GPA is a small- and medium-vessel vasculitis affecting the respiratory tract and kidneys. Necrotizing granulomatous inflammation characterizes the GPA clinical picture. Between 5% to 10% of cases have gastrointestinal involvement1. The clinical spectrum is highly variable, and vasculitis can be systemic or localized. Gastrointestinal tract involvement is often part of a systemic inflammatory process and is a well-recognized manifestation of small and medium-sized vessel vasculitis. Patients with gastrointestinal involvement often have abdominal pain, nausea, vomiting, diarrhea, or gastrointestinal bleeding. These gastrointestinal complications, when manifested, negatively affect the prognosis and indicate disease severity12.
Although GPA occurs with the same frequency in men and women, gastrointestinal manifestations are most often seen in men. Lesions include ulcers, submucosal edema, hemorrhage, paralytic ileus, mesenteric ischemia, intestinal obstruction, and intestinal perforation13.

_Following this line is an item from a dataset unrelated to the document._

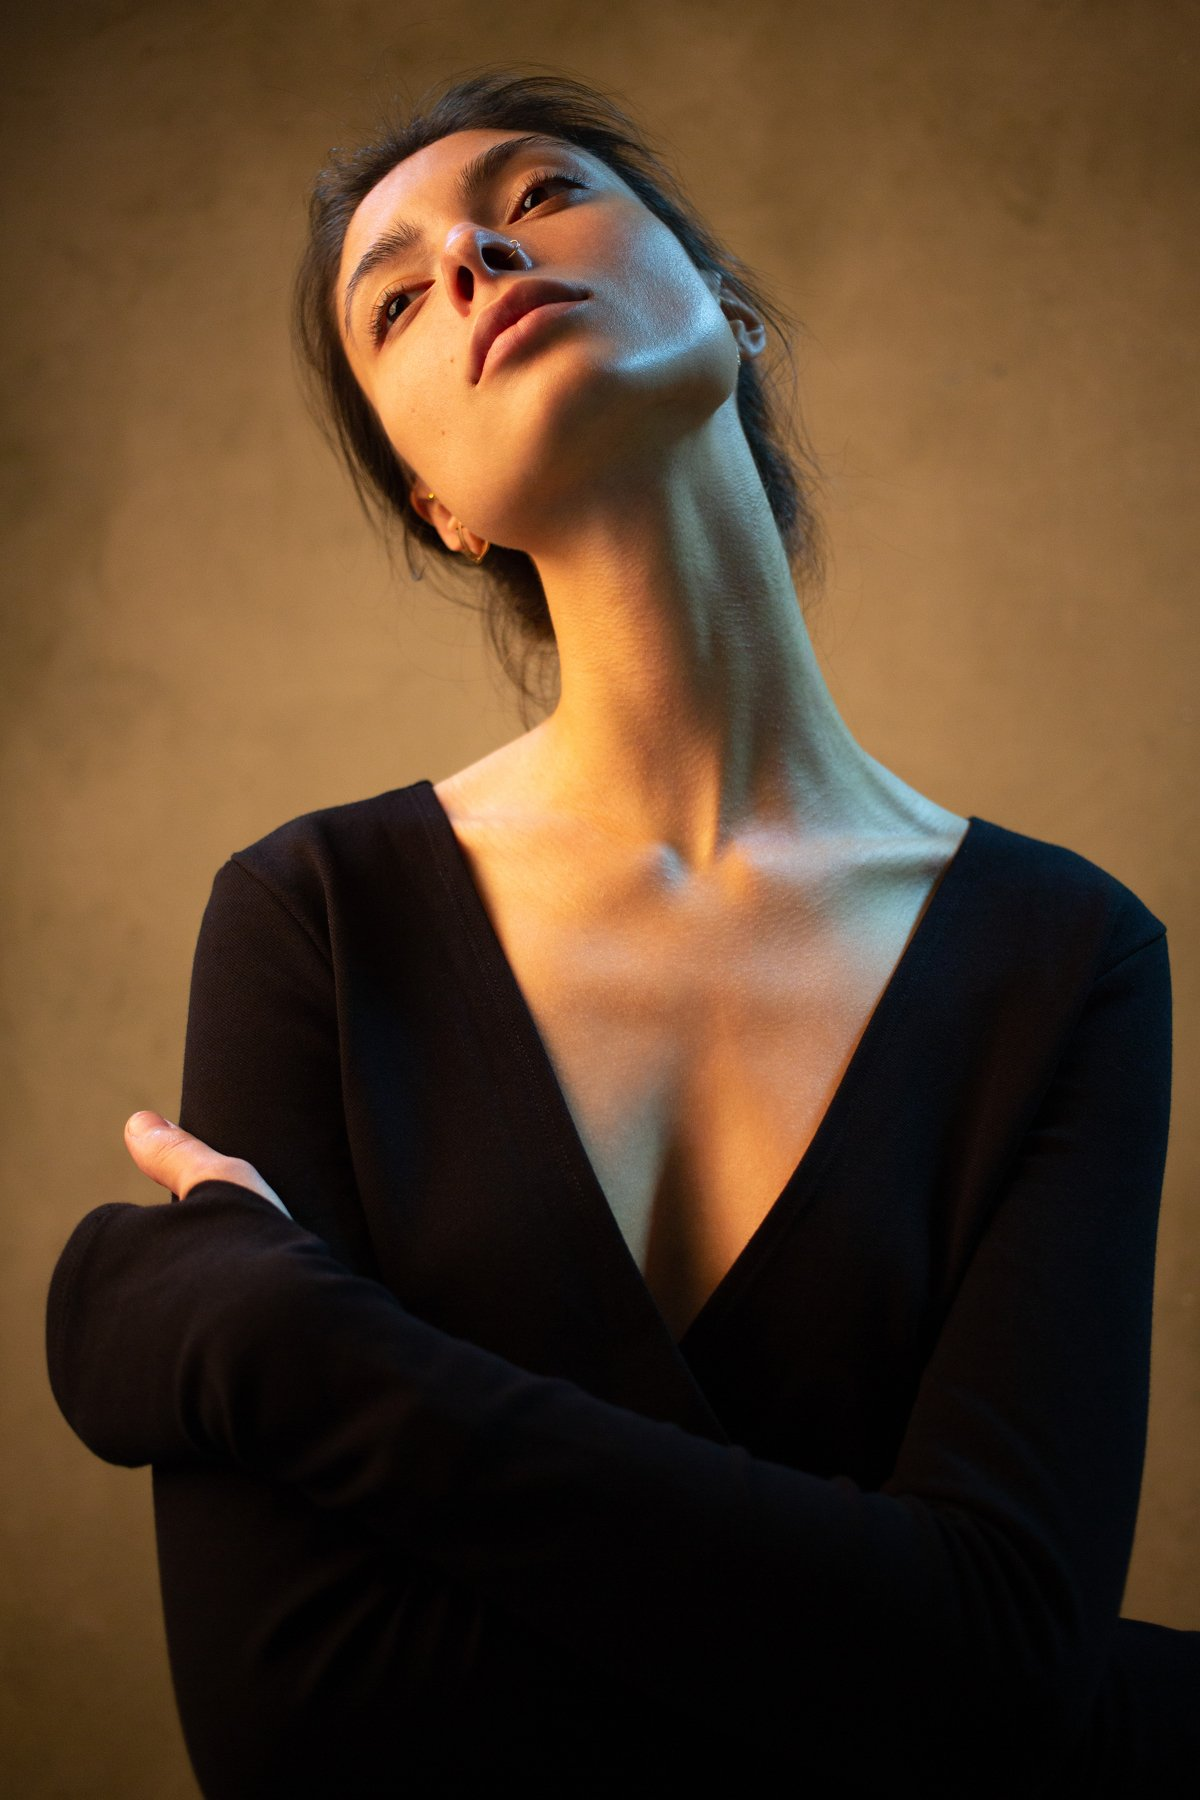 портрет девушка свет тёплый фон шея мечты отдых , Сергей Скибин Арт16

The active inflammatory process located in the gastrointestinal tract in the course of GPA is a rare complication; however, it occurs and causes a serious threat to patients’ lives. Differential diagnosis should cover other inflammatory diseases, especially CD. The type of vasculitis most commonly affecting mesenteric vessels includes systemic lupus erythematosus (SLE), Takayasu arteritis, polyarteritis nodosa, Wegner granulomatosis, and Kawasaki disease. When timely diagnosed, it significantly influences the prognosis, as the rapid initiation of steroid therapy can change the course of the disease14. Side effects of immunosuppressive therapy should also be considered a cause of intestinal complications. Therapeutic strategies widely accepted for treating GPA are effective in treating patients with gastrointestinal involvement in the course of the disease, although some complications require surgical intervention13.